### LISTED ENTRIES
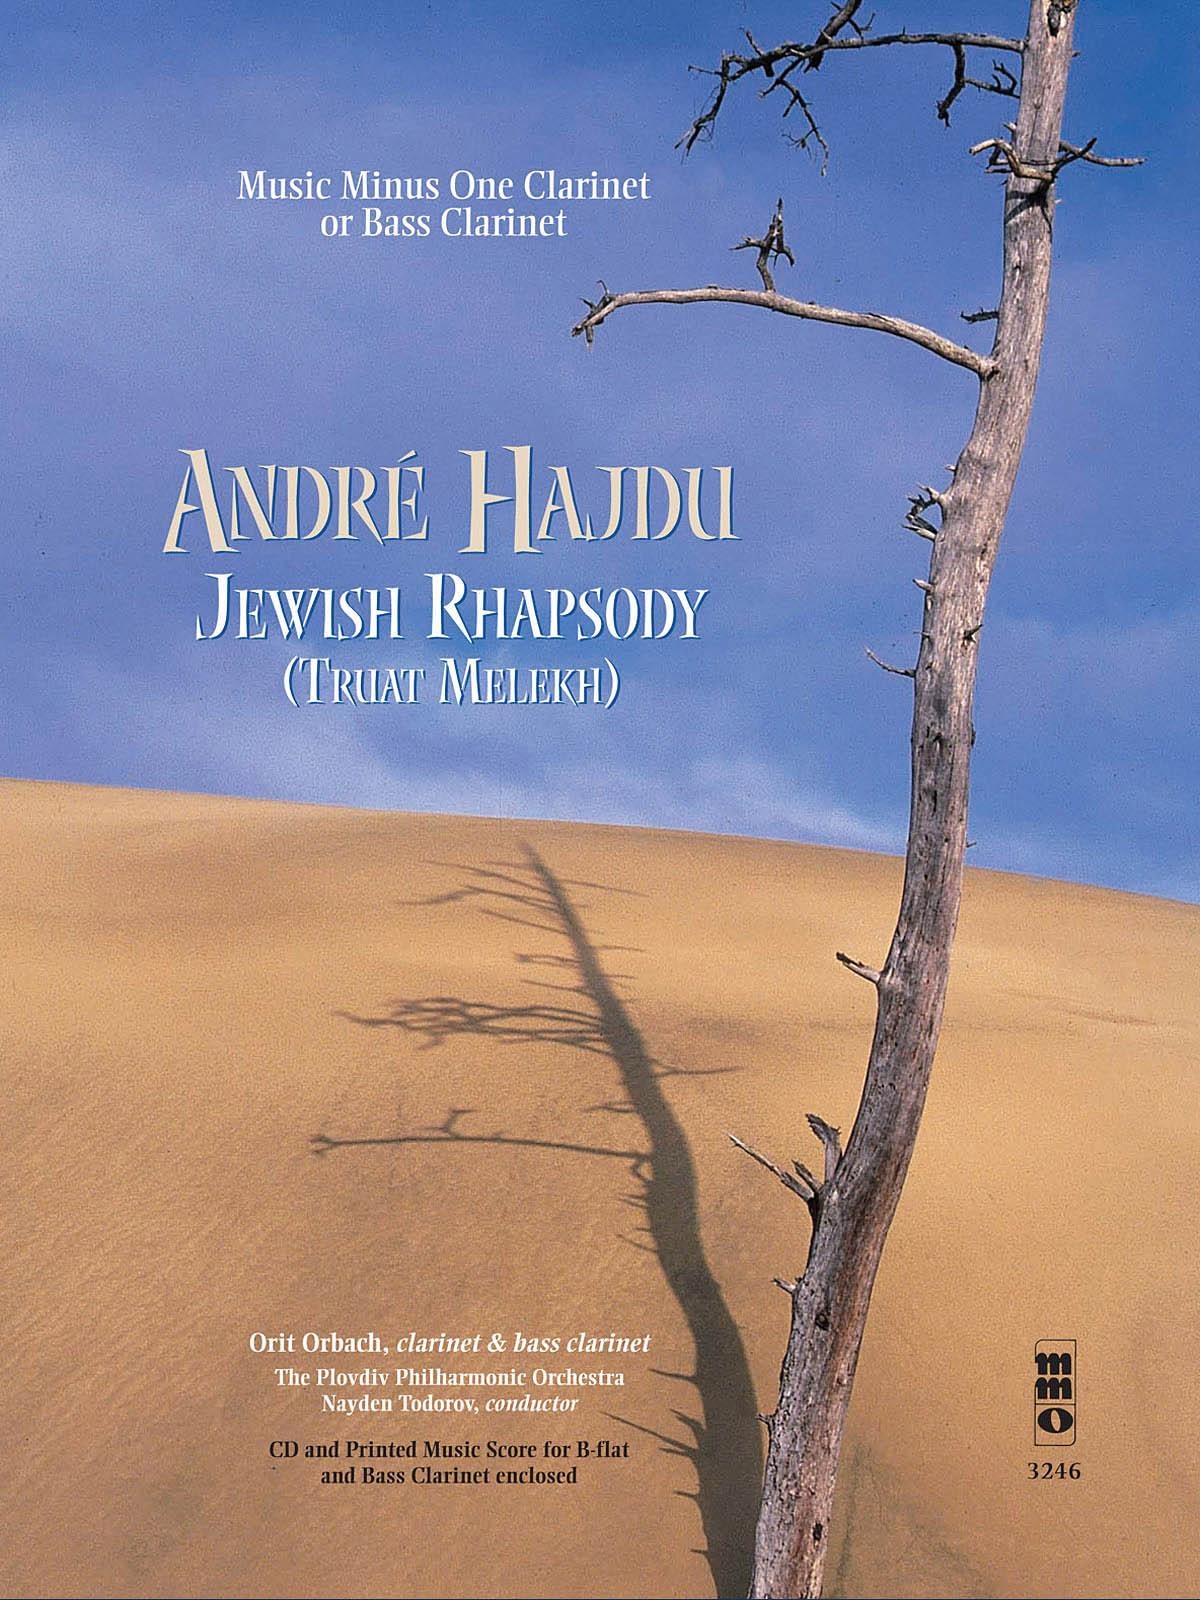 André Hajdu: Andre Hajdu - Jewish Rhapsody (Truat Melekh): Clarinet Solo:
...
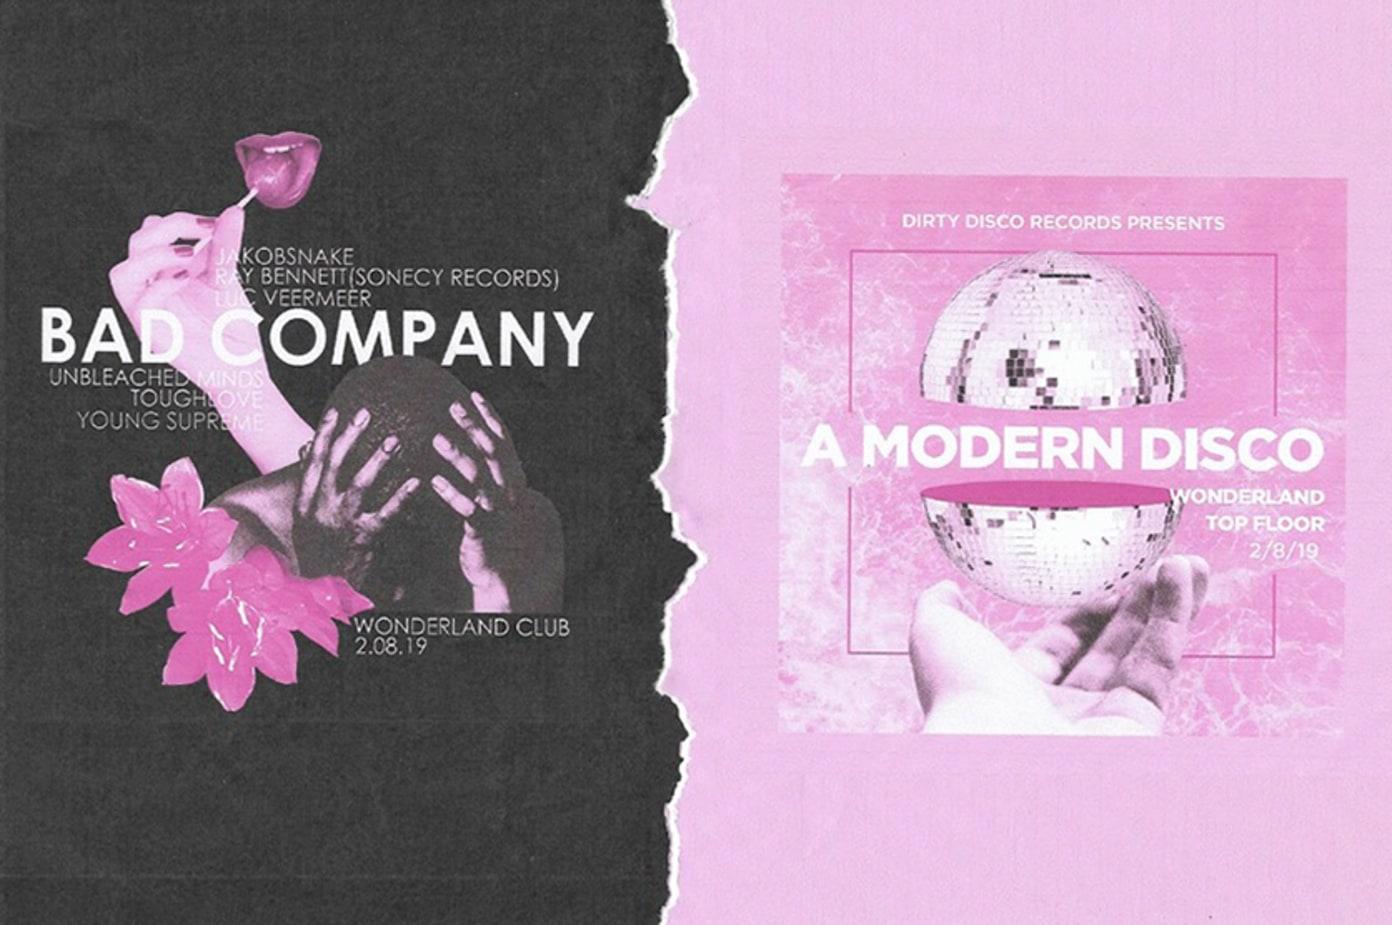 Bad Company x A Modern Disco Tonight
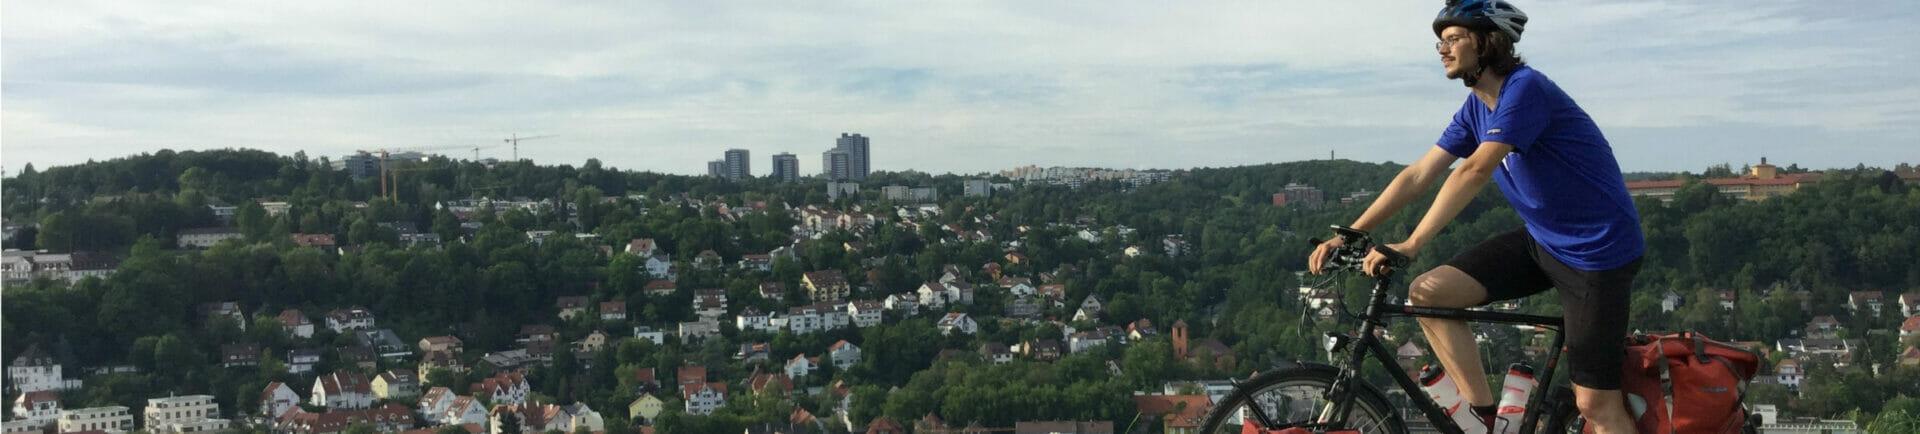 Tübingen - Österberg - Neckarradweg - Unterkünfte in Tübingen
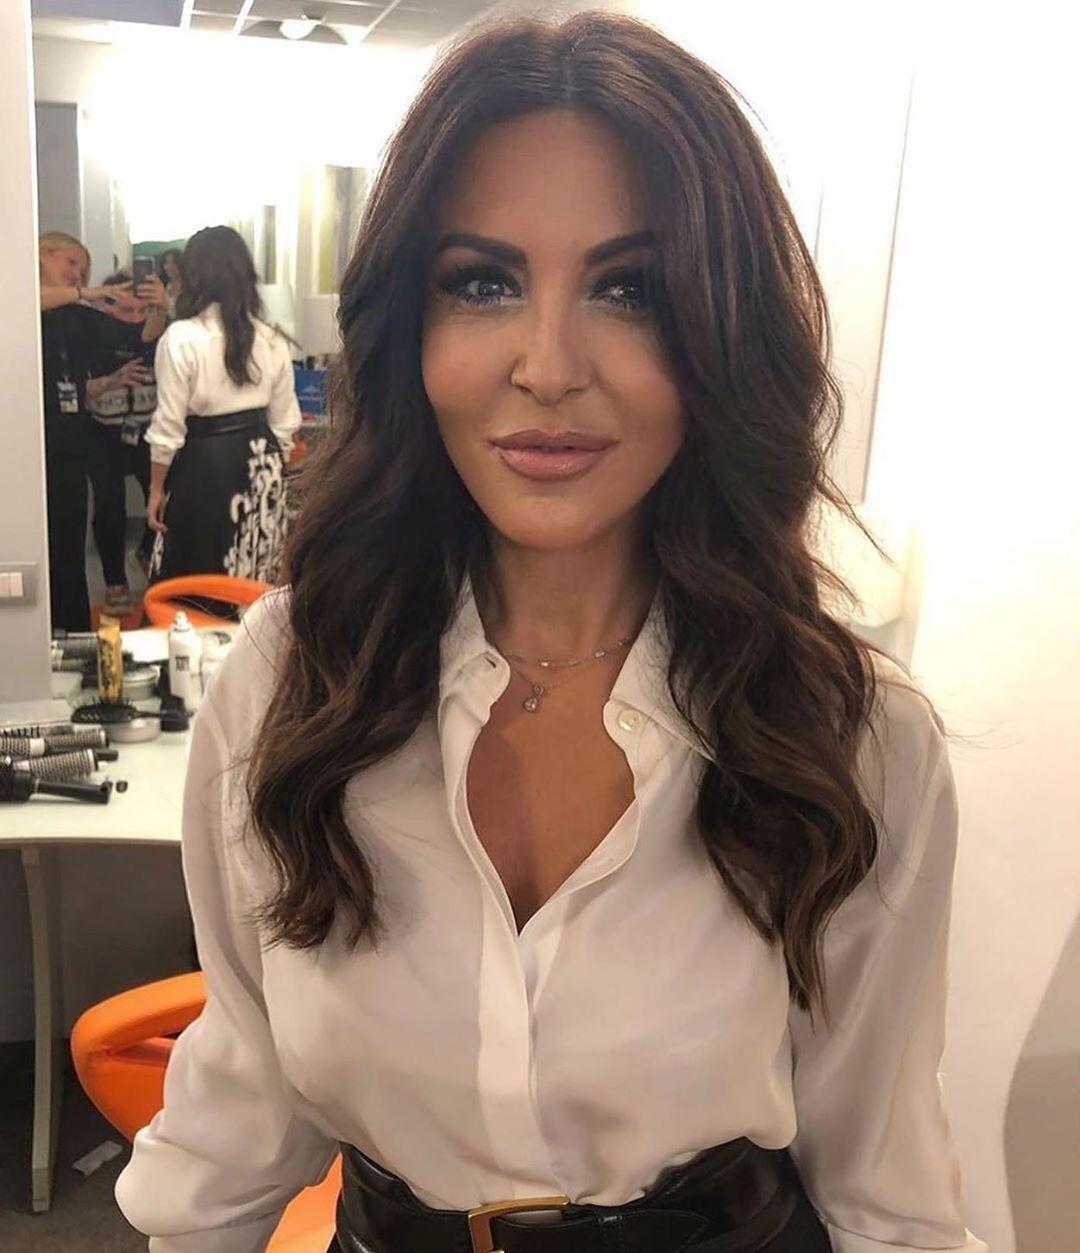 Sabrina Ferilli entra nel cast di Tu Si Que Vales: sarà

### WORK REQUEST
Only one stretch of the data is wanted: write out exactly the lines from the one holding "Bad Company x A Modern Disco Tonight" through the one holding "Sabrina Ferilli entra", both included, without the pictures.

### SOLUTION FOR THIS TASK
 Bad Company x A Modern Disco Tonight
 Tübingen - Österberg - Neckarradweg - Unterkünfte in Tübingen
 Sabrina Ferilli entra nel cast di Tu Si Que Vales: sarà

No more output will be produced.